Let $A$ be an abelian group of order $2^5\times 3^5$. Then we know, from the Fundamental Theorem of Finitely Generated Abelian Groups, that we can express $A$ uniquely as $$A \cong \mathbb{Z}_{2^{a_1}}\oplus\cdots \oplus\mathbb{Z}_{2^{a_k}} \oplus \mathbb{Z}_{3^{b_1}}\oplus\cdots\oplus\mathbb{Z}_{3^{b_{\ell}}},$$ where $1\leq a_1\leq\cdots\leq a_k$, $1\leq b_1\leq\cdots\leq b_{\ell}$, and $a_1+a_2+\cdots+a_k = 5$, $b_1+b_2+\cdots+b_{\ell} = 5$.
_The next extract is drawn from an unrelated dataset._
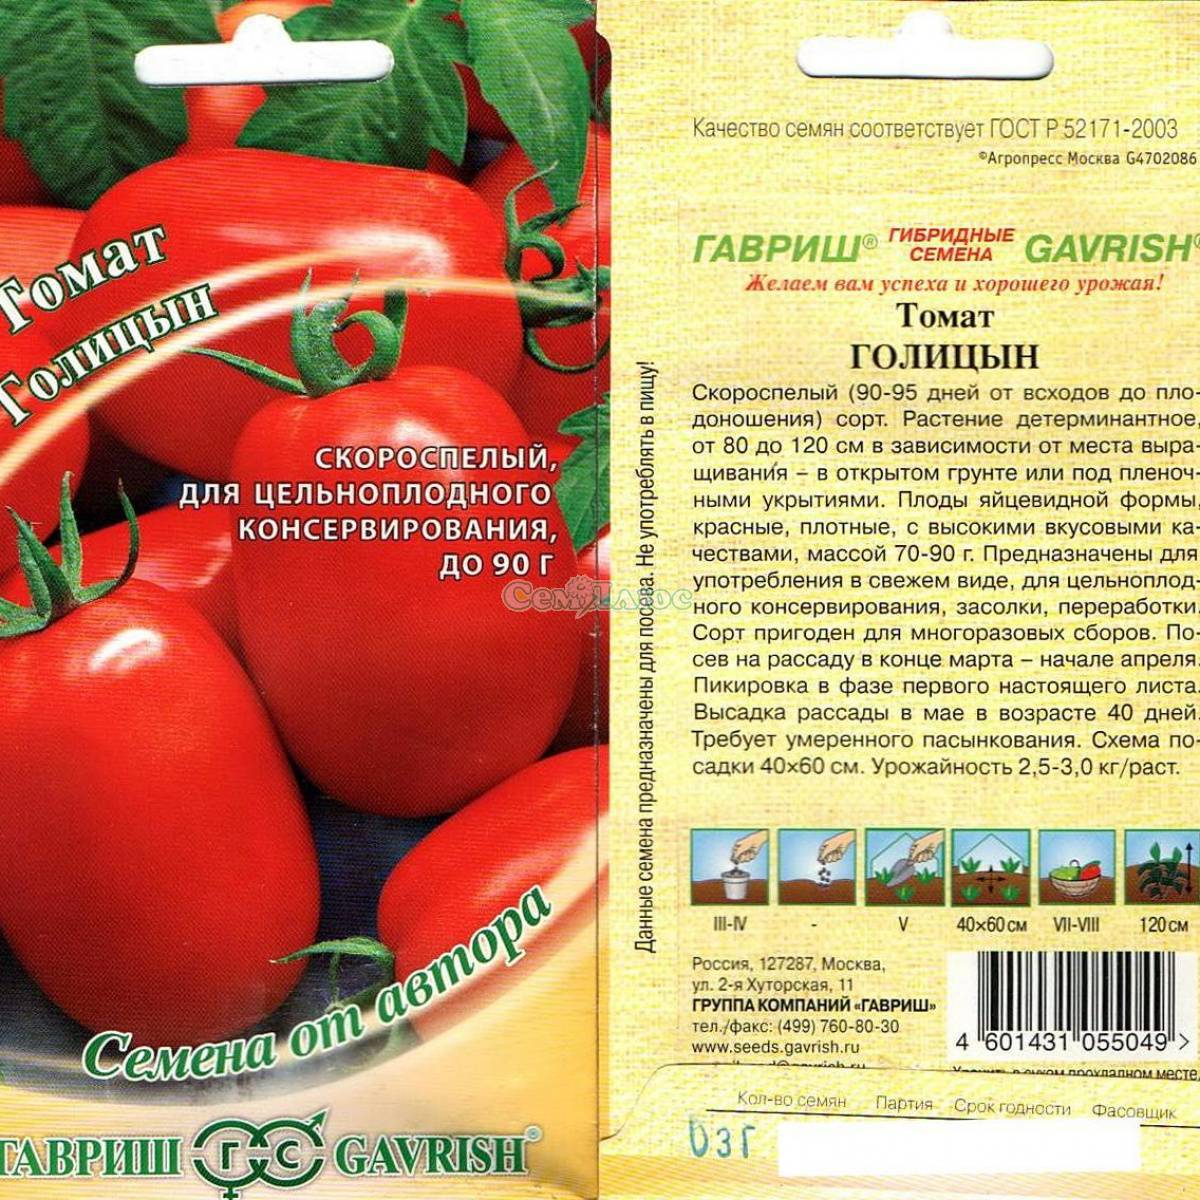 Сорта томатов для консервации: для засолки, для маринования, для соусов | огородники

So for instance, one possibility might be $$A \cong \mathbb{Z}_2 \oplus\mathbb{Z}_{2^4} \oplus \mathbb{Z}_{3^2}\oplus\mathbb{Z}_{3^3}.$$ But we want only some of the groups, namely, the ones where we also have $|A/A^4| = 2^4$ and $|A/A^3|=3^4$. Does this group satisfy this condition?

Well, since $(B\oplus C)^n = B^n\oplus C^n$, we can deal with each cyclic factor separately. Note that $(\mathbb{Z}_2)^4 = \{1\}$, and $(\mathbb{Z}_{2^4})^4 = \mathbb{Z}_{2^2}$; whereas, since $4$ is relatively prime to $3$, $(\mathbb{Z}_{3^2})^4 = \mathbb{Z}_{3^2}$, $(\mathbb{Z}_{3^3})^4 = \mathbb{Z}_{3^3}$.
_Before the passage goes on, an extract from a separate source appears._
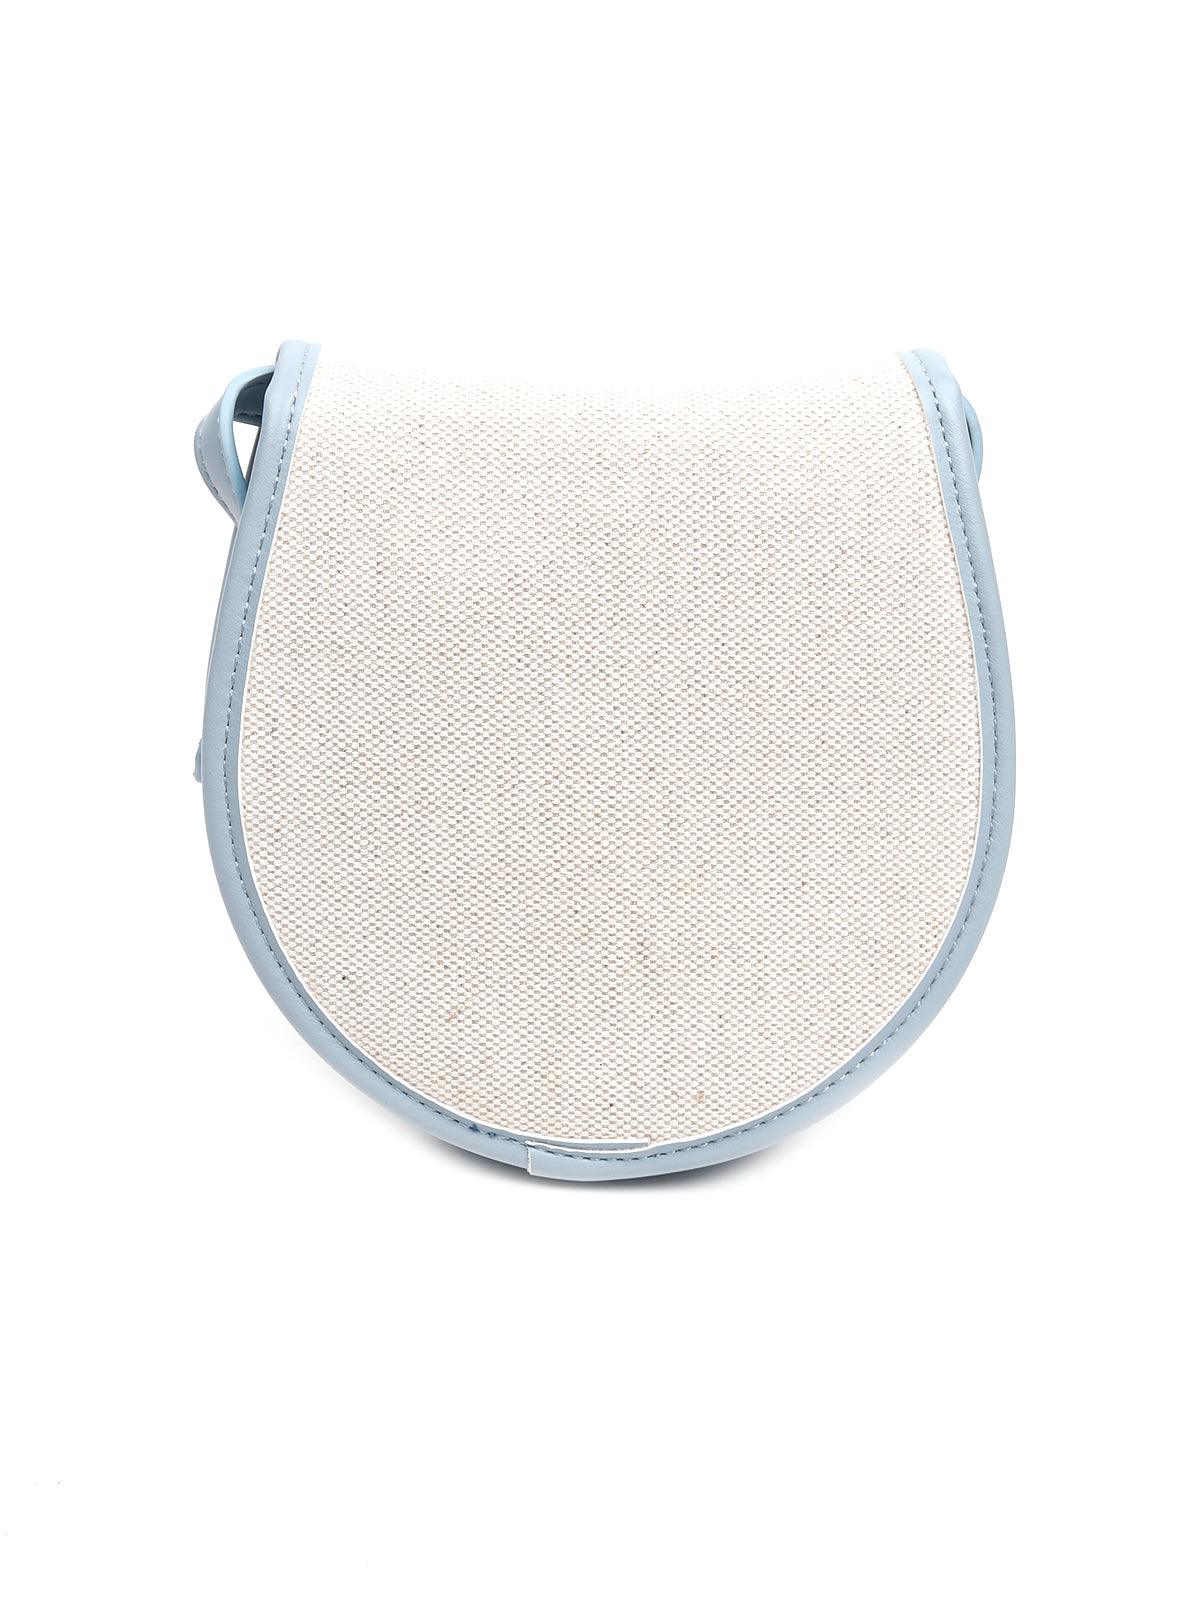 Solid Dusk blue sling bag - Odette

So we have: $$\begin{align*} A &= \mathbb{Z}_2 \oplus \mathbb{Z}_{2^4} \oplus \mathbb{Z}_{3^2}\oplus\mathbb{Z}_{3^3}\\ A^4 &= (\mathbb{Z}_2)^4 \oplus (\mathbb{Z}_{2^4})^4 \oplus (\mathbb{Z}_{3^2})^4 \oplus (\mathbb{Z}_{3^3})^4\\ &\cong \{1\} \oplus \mathbb{Z}_{2^2} \oplus \mathbb{Z}_{3^2}\oplus \mathbb{Z}_{3^3}. \end{align*}$$ Therefore, since we are dealing with finite groups, $$\left|\frac{A}{A^4}\right| = \frac{|A|}{|A^4|} = \frac{2^5\times 3^5}{2^2\times 3^5} = 2^3,$$ so this $A$ does not satisfy the condition.
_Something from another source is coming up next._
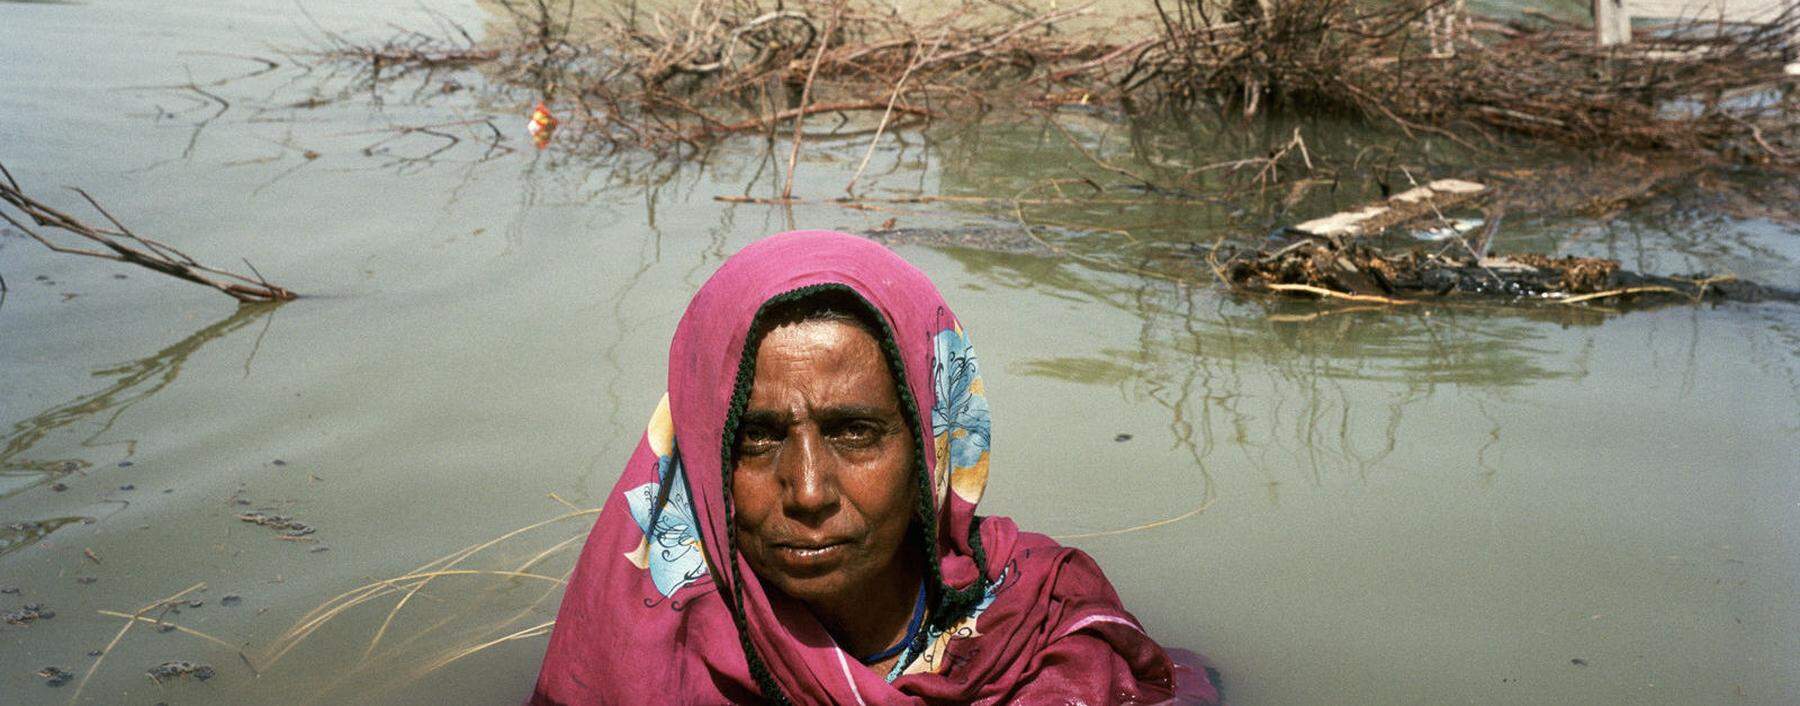 Eine Frau vor ihrem überschwemmten Haus in Pakistan.

You are asked to find all the ones that do.

Hint. Prove that:

• If $p$ and $q$ are primes, $p\neq q$, then $(\mathbb{Z}_{p^a})^{q^b} = \mathbb{Z}_{p^a}$;
• If $p$ is a prime, and $a\leq b$, then $(\mathbb{Z}_{p^a})^{p^b} = \{1\}$.
• If $p$ is a prime, and $a\gt b$, then $(\mathbb{Z}_{p^a})^{p^b}\cong \mathbb{Z}_{p^{a-b}}$.